Citizens tell House panel how guns saved them


WASHINGTON -- In chilling detail, Bryan Rigsby, a soft-spoken computer programmer from New- nan, Ga., told lawmakers yesterday how he owed his life to a semiautomatic rifle with a 30-round ammunition clip.

The hearing began a review -- and possible rollback -- of gun-control laws by the Republican majority in Congress.

Republicans have made repeal of the ban on assault-style firearms, which was part of last year's $30 billion anti-crime law, a top priority. Democrats have pledged to fight that move, and President Clinton has indicated he would veto any such repeal.

Mr. Rigsby and a friend were camping in the Oconee National Forest in 1990 when they were attacked by two would-be robbers firing shotguns. With his companion downed by the intruders' initial blast, "my next memory is of the front sight of my Mini-14 on the assailant's chest," Mr. Rigsby told the House Judiciary subcommittee on crime. "All I could think of was to fire enough to scare them off, to stop the attack."

"To me, the most important reason to own a semiautomatic rifle is self-defense," said Mr. Rigsby, recalling how his burst of bullets left one gunman dead and the other wounded. His friend survived.

Mr. Rigsby was among an incongruous group of gun enthusiasts -- merchants, a grandmother, a disabled Korean War veteran -- who testified about how they used firearms to defend themselves, their families and their property.

The witnesses provided "a side of the firearms story that has been drowned out by well-advertised and well-orchestrated sensationalism -- the fundamental right of self-defense," said Rep. Bob Barr, a Georgia Republican, subcommittee member and chairman of a House task force examining federal gun laws.

However, Democrats charged that the hearing was a "smoke screen" orchestrated by the National Rifle Association to open an assault on the federal ban on assault weapons.
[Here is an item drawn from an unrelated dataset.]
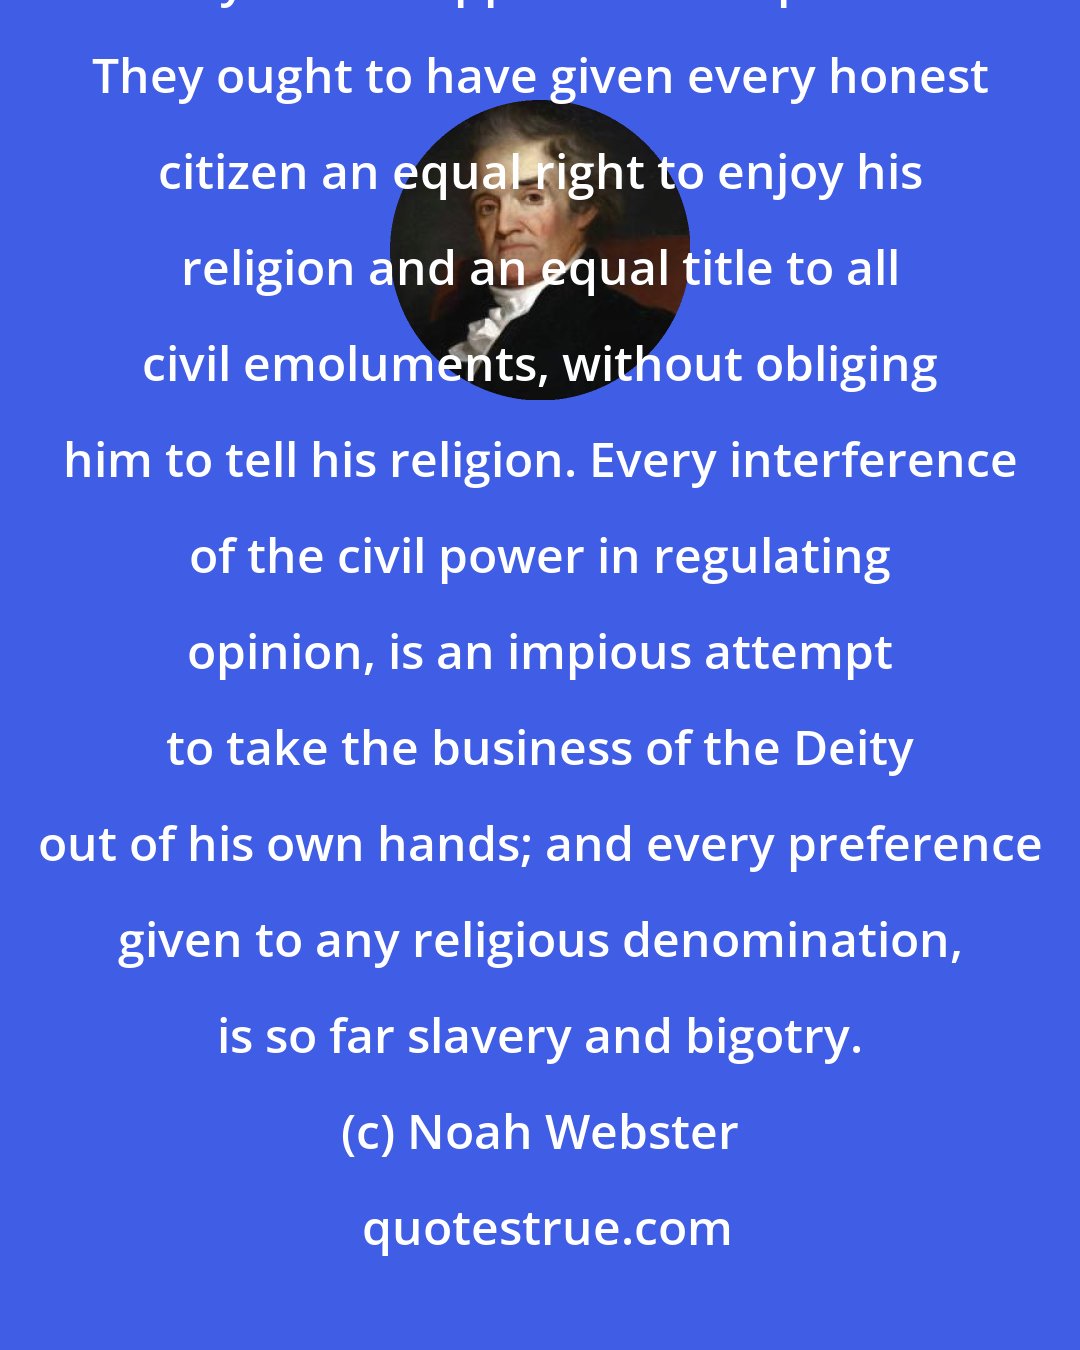 Noah Webster: The American states have gone far in assisting the progress of truth; but they have stopped short of perfection. They ought to have given every honest citizen an equal right to enjoy his religion and an equal title to all civil emoluments, without obliging him to tell his religion. Every interference of the civil power in regulating opinion, is an impious attempt to take the business of the Deity out of his own hands; and every preference given to any religious denomination, is so far slavery and bigotry.

Several other witnesses testified yesterday that they were still alive because they owned assault weapons and large ammunition magazines that they obtained before the federal ban took effect.

With her husband away and her children asleep, Sharon-Jo Ramboz heard someone break into their home in Walkersville, Md. "I grabbed my Colt AR-15 semiautomatic rifle," she said, and the "distinctive sound" when she chambered a round was enough to send the intruders scurrying.

Todd Bridges said he used an AR-15 to wound a burglar who broke into his muffler shop in Wichita, Kan. Phil Murphy said he used the same type of semiautomatic rifle to hold at bay a career criminal who had broken into his parents' house in Tucson, Ariz.

"Honest citizens should not be denied the right to choose the firearm that best suits their needs," said Gary Baker, who armed his employees and helped them kill two robbers in a gunfight at his jewelry store in Richmond, Va.

However, other witnesses told how owning guns had brought tragedy to their families.

Susan White-Bowden of Finksburg, Md., said her former husband committed suicide with a pistol that he kept at a bedside drawer in 1974. Three years later, her despondent 17-year-old son killed himself with another gun in their home.

"I have six grandchildren now and there are no guns in my house," she said. "I would die at a robber's hand six times over before putting a gun near any of those children."

The House could vote as early as May on legislation to lift the federal ban on 19 specific firearms classified as assault weapons. And Senate Majority Leader Bob Dole, a Kansas Republican, reportedly told an NRA official in a recent letter that he hoped to have such a bill on Mr. Clinton's desk by summer.